Task to complete: Without reproducing any image, print the listing below exactly.

Exercise data:
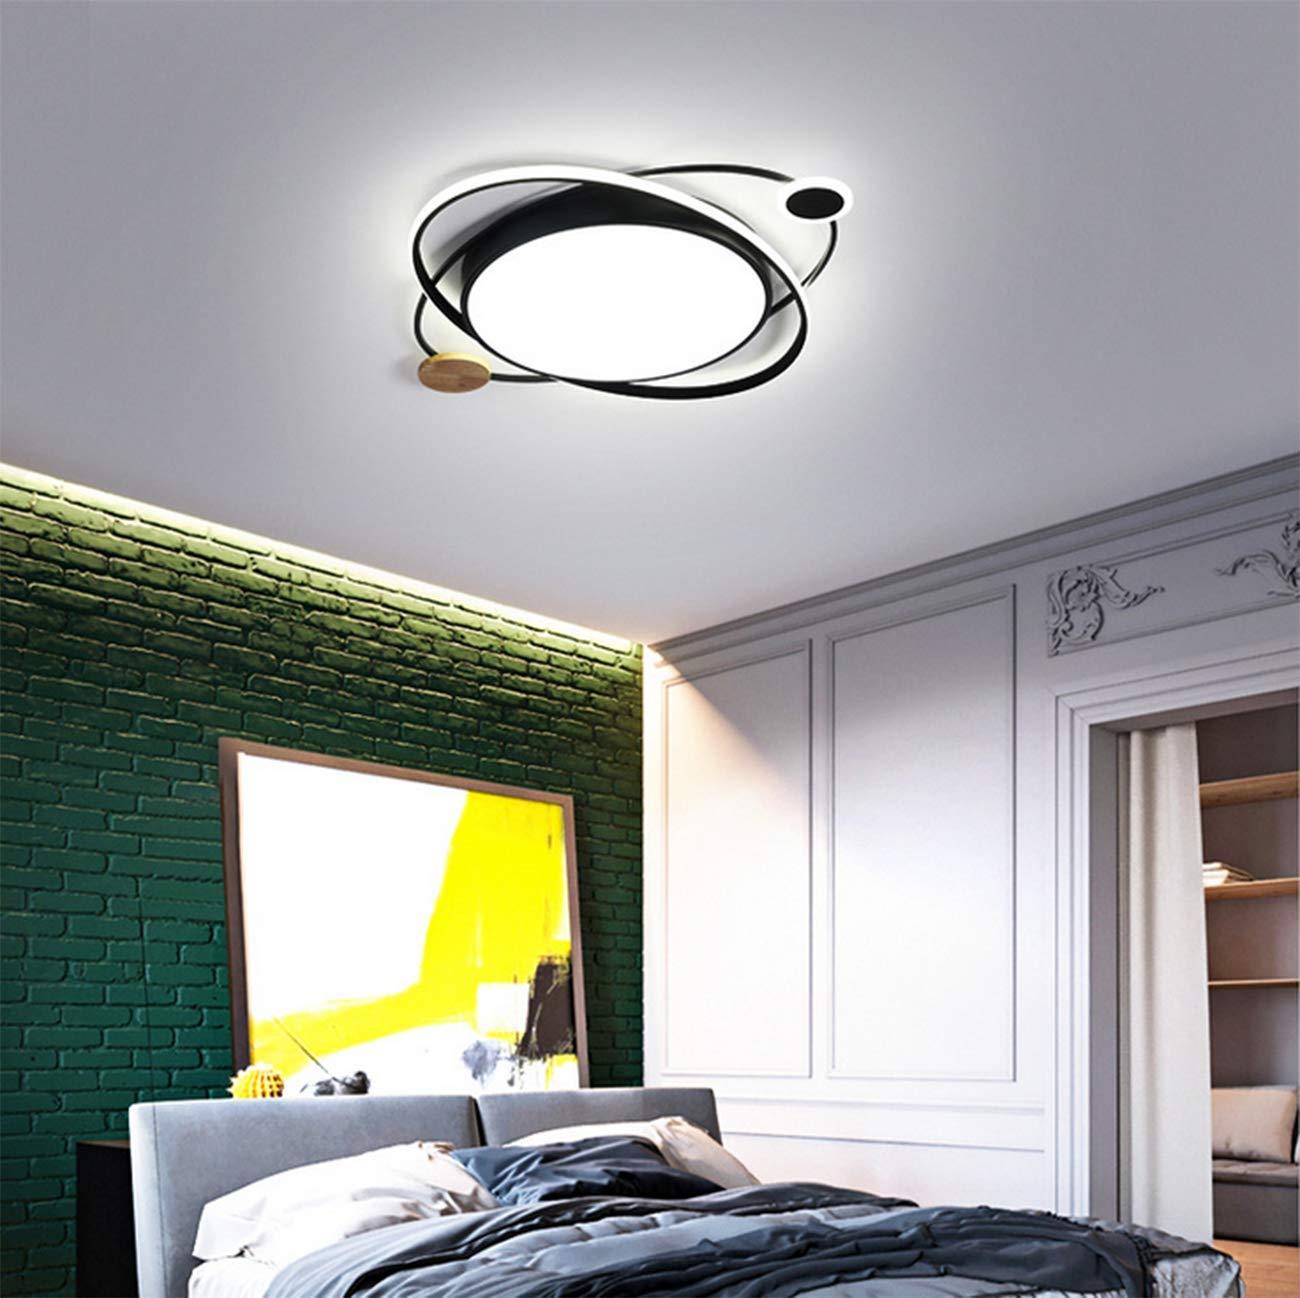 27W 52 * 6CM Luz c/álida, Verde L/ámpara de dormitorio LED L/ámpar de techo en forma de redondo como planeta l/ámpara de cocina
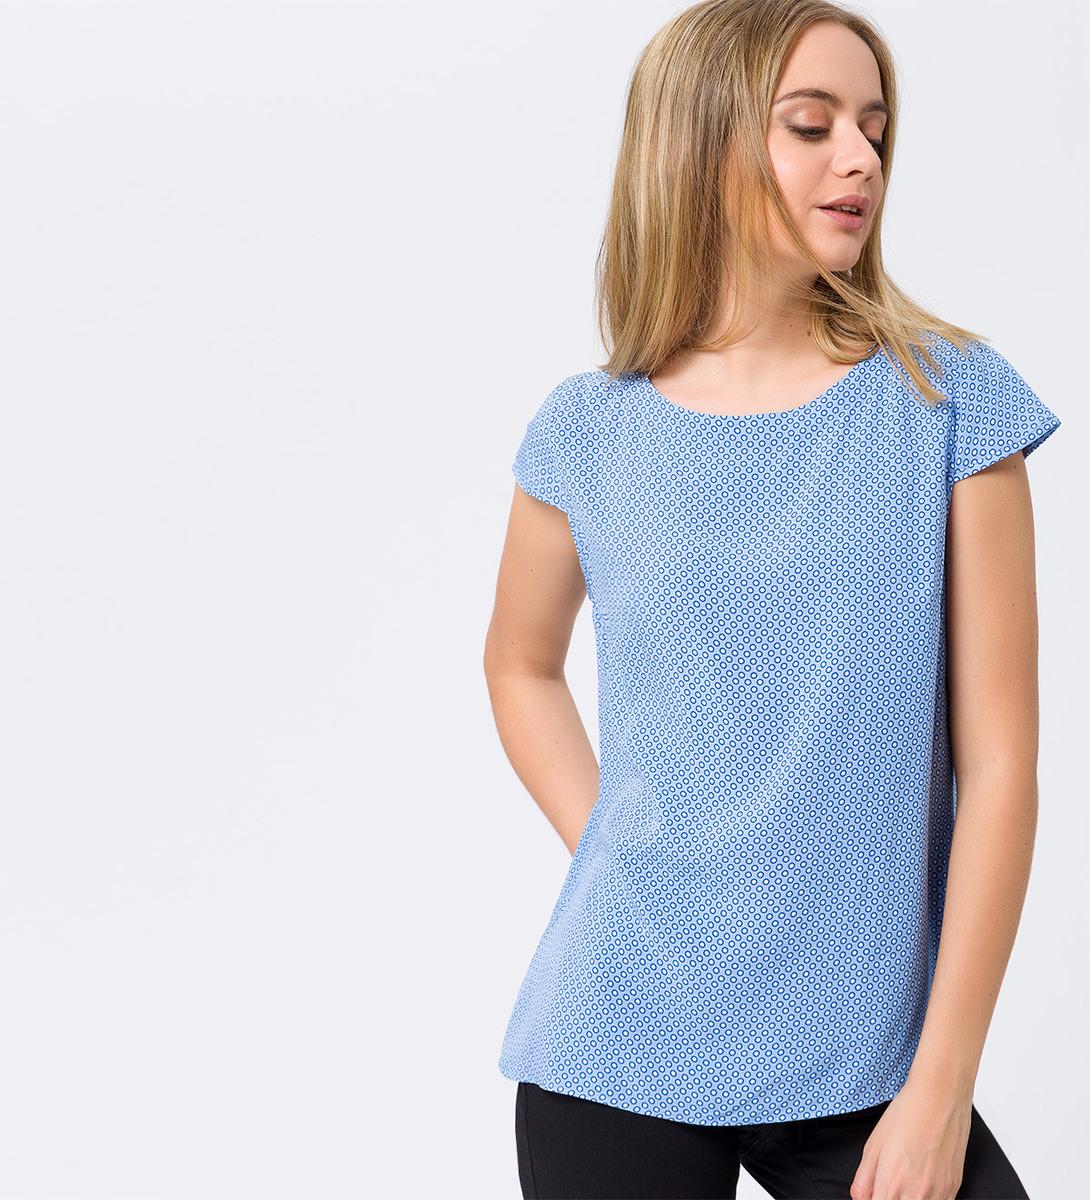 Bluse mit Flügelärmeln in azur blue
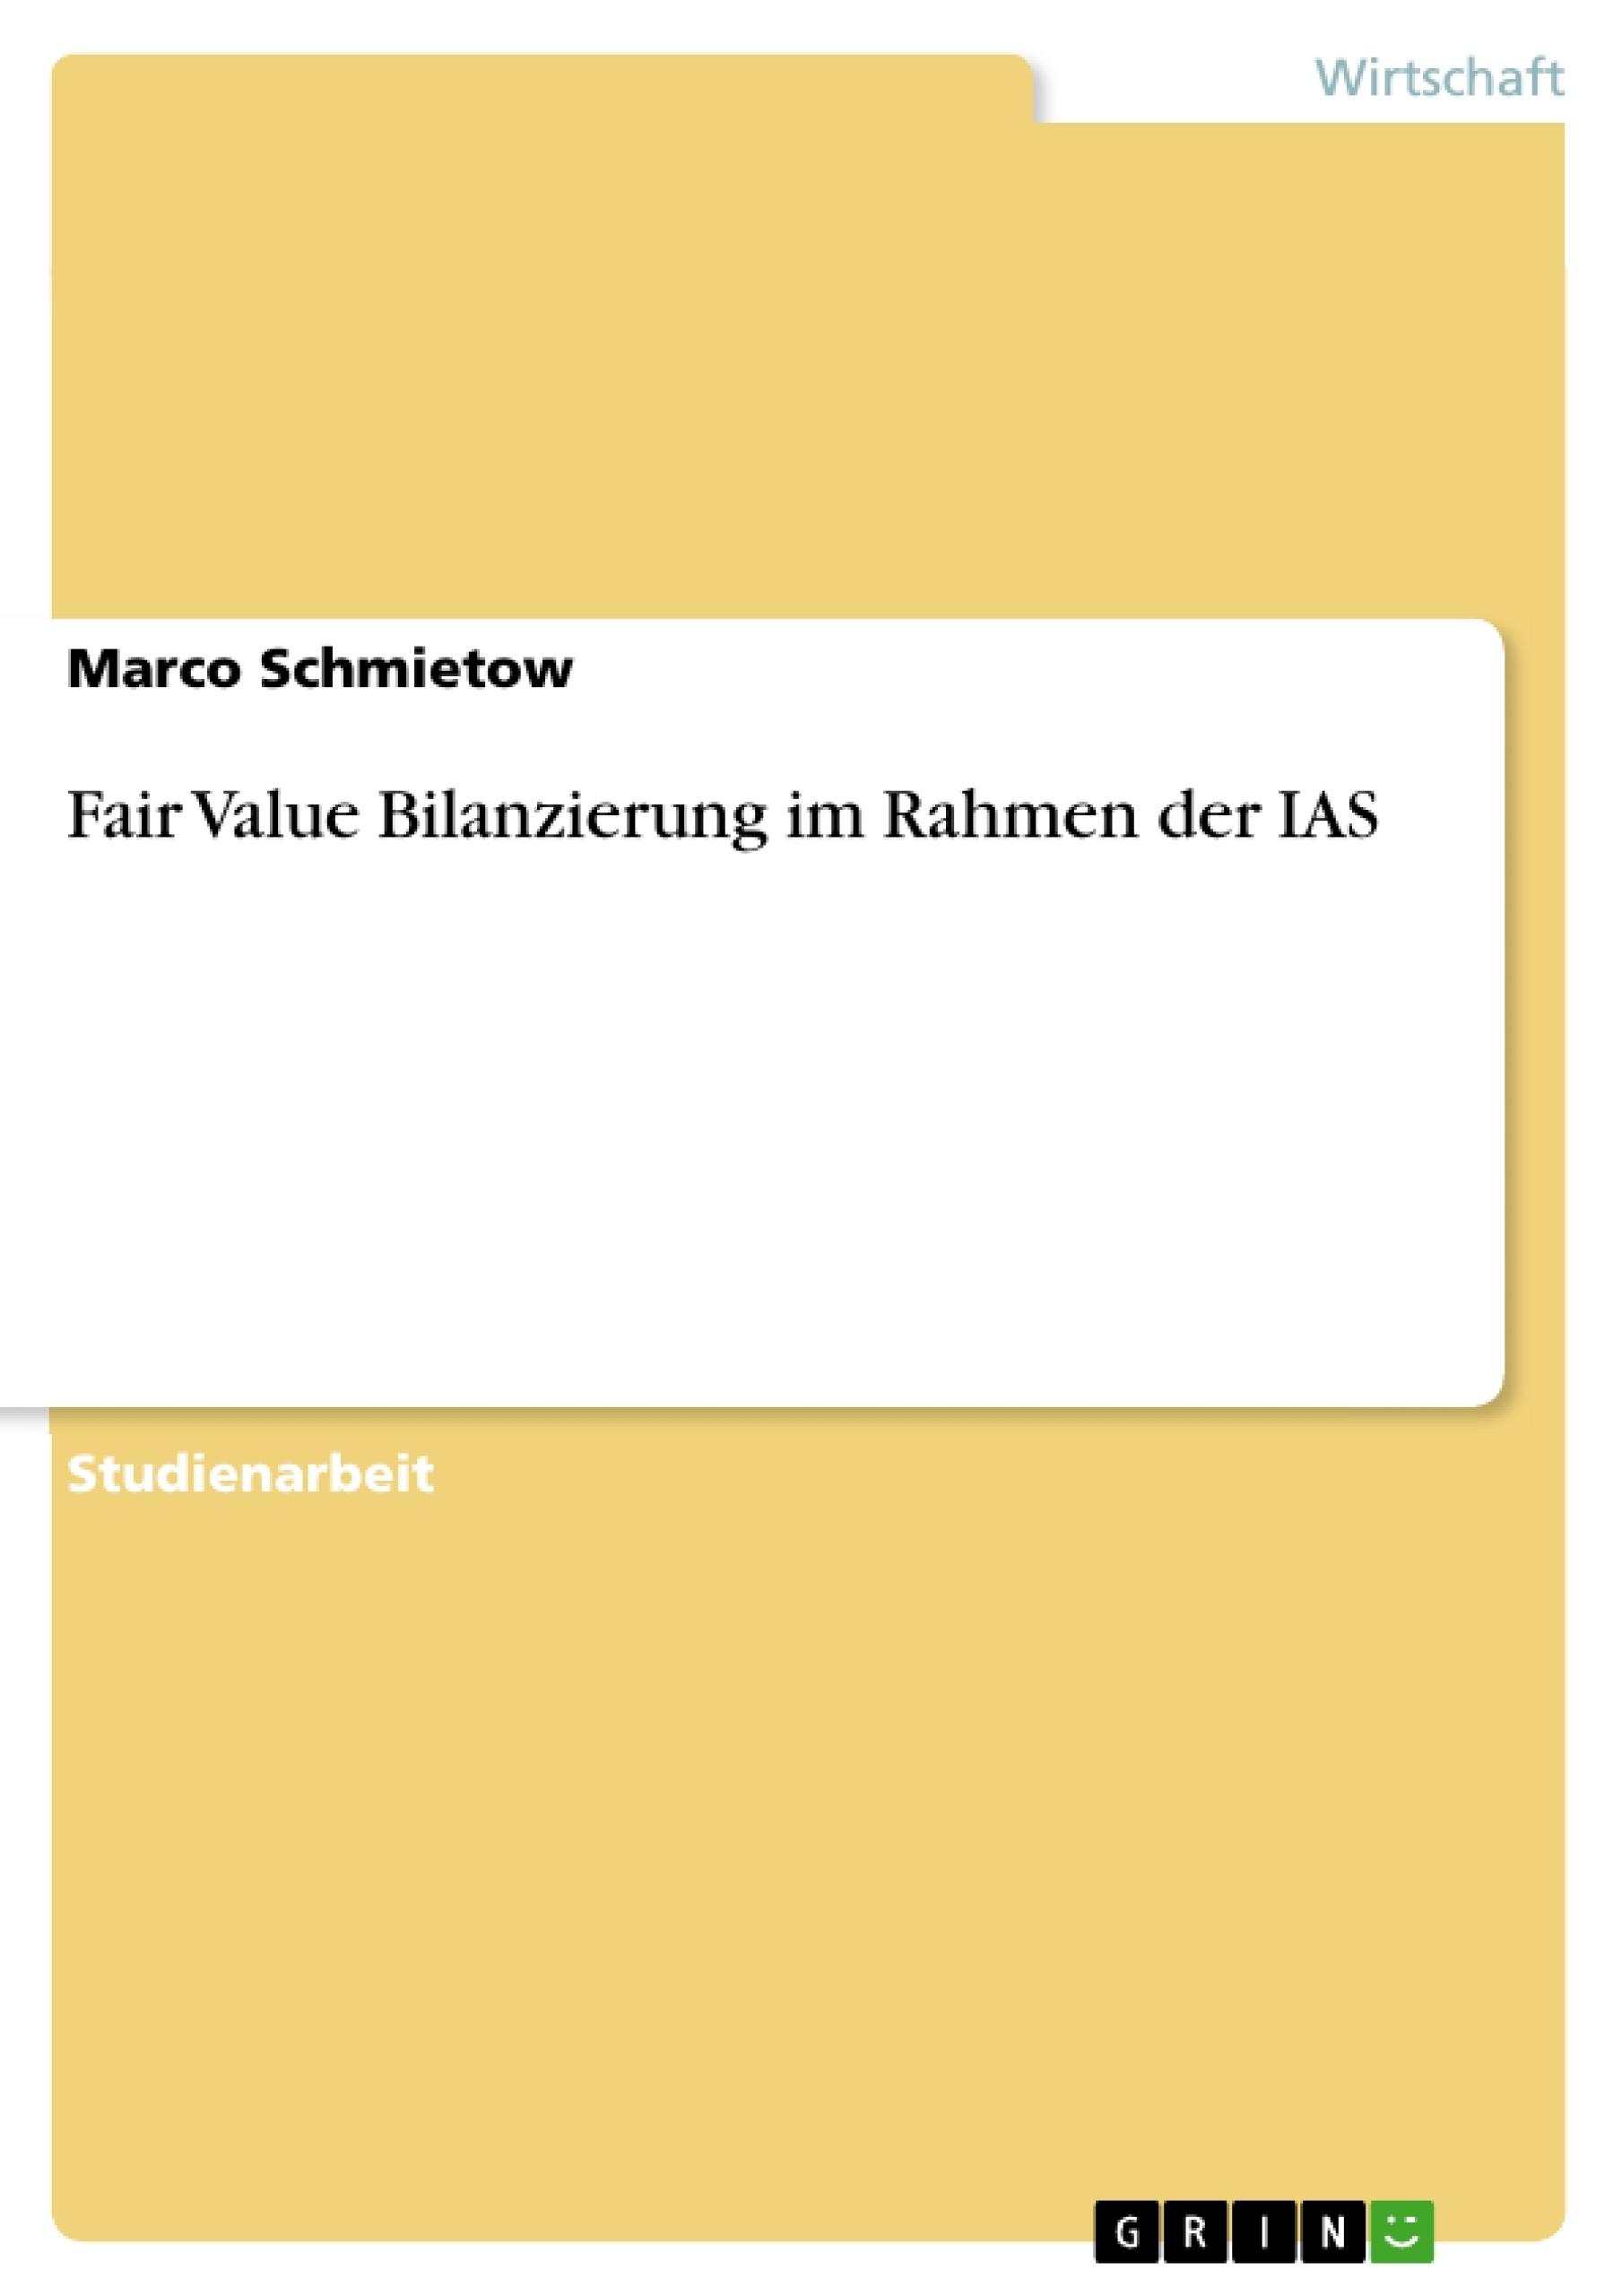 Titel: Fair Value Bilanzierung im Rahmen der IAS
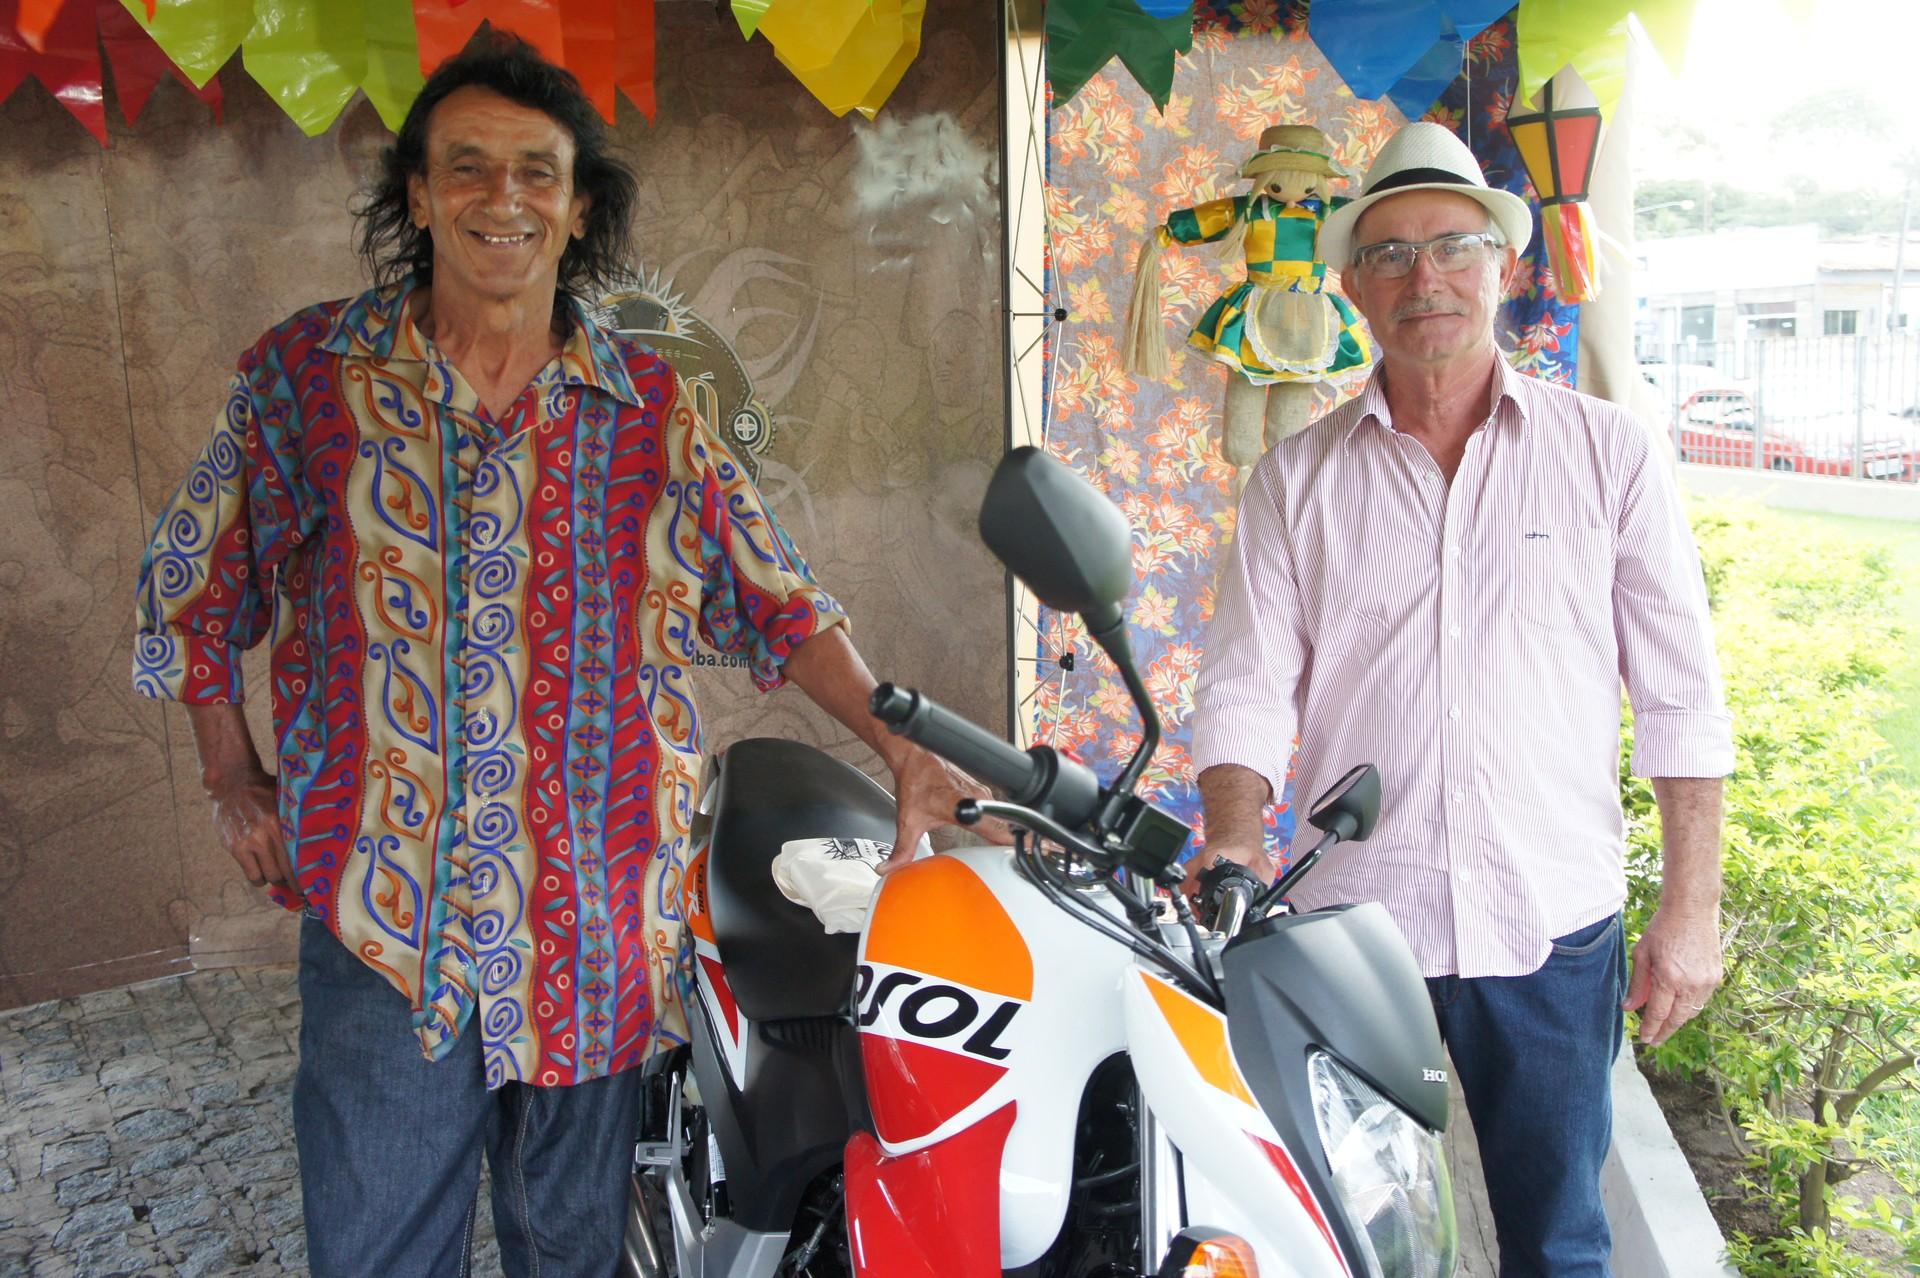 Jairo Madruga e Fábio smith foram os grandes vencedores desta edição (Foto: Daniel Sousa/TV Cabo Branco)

Reply to the exercise:
 27W 52 * 6CM Luz c/álida, Verde L/ámpara de dormitorio LED L/ámpar de techo en forma de redondo como planeta l/ámpara de cocina
 Bluse mit Flügelärmeln in azur blue
 Titel: Fair Value Bilanzierung im Rahmen der IAS
 Jairo Madruga e Fábio smith foram os grandes vencedores desta edição (Foto: Daniel Sousa/TV Cabo Branco)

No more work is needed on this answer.